In Scripture, however, it is difficult to locate sources supporting the existence of a comparable realm of eternally unchanging being. In Genesis, for example, all things—including the heavens—emerge from God’s wind blowing upon chaotic waters at the creation. This means that in the Bible, all things emerge from movement and change, without any reference to a static source of being such as the Greek philosophers proposed. Even God himself is described as possessing no static nature, responding to Moses’ questions about his name with “I will be what I will be.” And the great four-letter name of God, YHVH, is likewise couched in the imperfect tense, again suggesting incompleteness and change. An immutable perfect being is a Greek conception of what God must be like, not a biblical one.

and
The most obvious source for this bias toward perfect-being metaphors is in Plato, whose entire theological effort can be seen as being directed to stripping the pagan gods of their human qualities, and recreating them as perfect, eternal, static forms: Thus Aphrodite is transformed into the eternal form of the beautiful, Apollo into the eternal form of truth, Zeus into the eternal form of justice, and so forth. Plato’s theology must therefore be seen as a systematic attempt to eradicate metaphors and analogies for the gods drawn from the world of living things, and to replace them with immutable, perfect beings.

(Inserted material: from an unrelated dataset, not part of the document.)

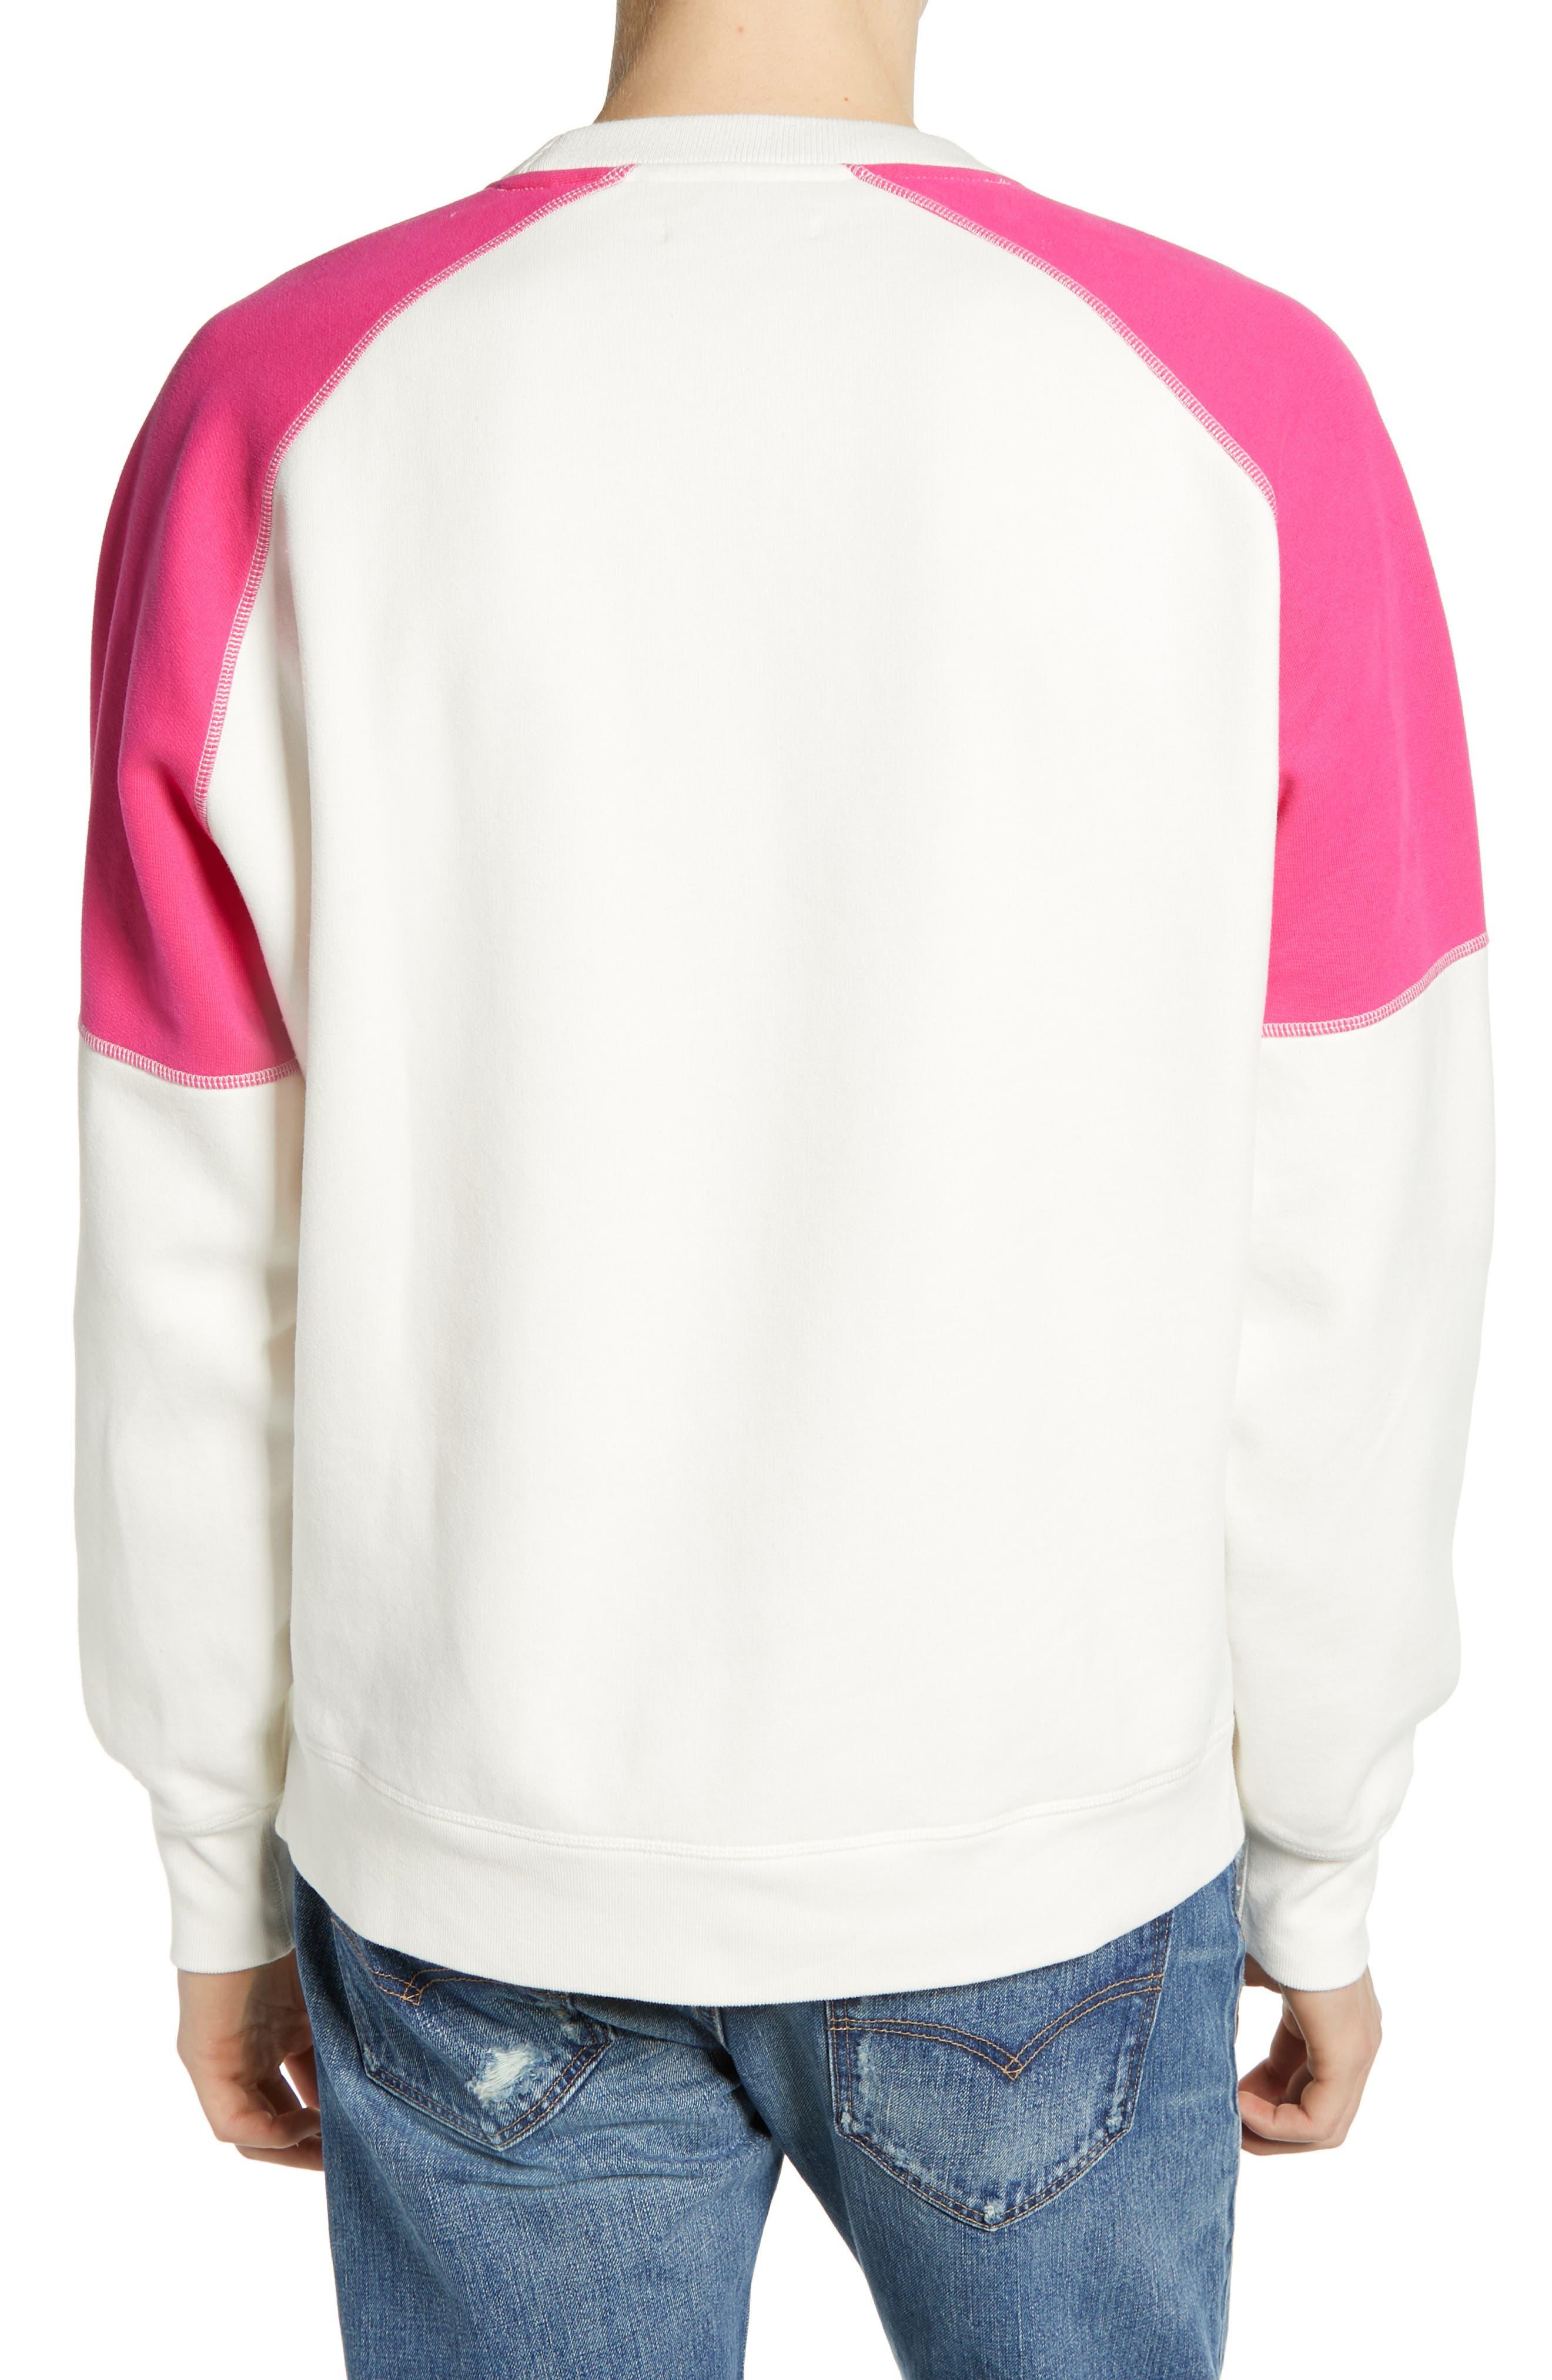 LEVI'S<SUP>®</SUP> MADE & CRAFTED<SUP>™</SUP>, Regular Fit Raglan Sweatshirt, Alternate thumbnail 2, color, WHITE ALYSSUM

This Platonic theology draws its inspiration, as we are told explicitly in the Republic, from mathematics. This is for Plato the highest discipline, precisely because it turns the human mind from the world of change and contingency and trains it to enter into a realm of immutable and necessary things. It is through this discipline that we understand that there is a realm of immutable and necessary things—which Plato refers to as the realm of “true being,” because only unchanging and necessary things are things that truly are. Once this is accepted, it is only fitting that one should wish to find God in the realm of the things that truly are, rather than in our own realm of illusion.

Perhaps, perhaps not, but I often wonder what 'Judaism' might look like stripped of Persian and Greek influence.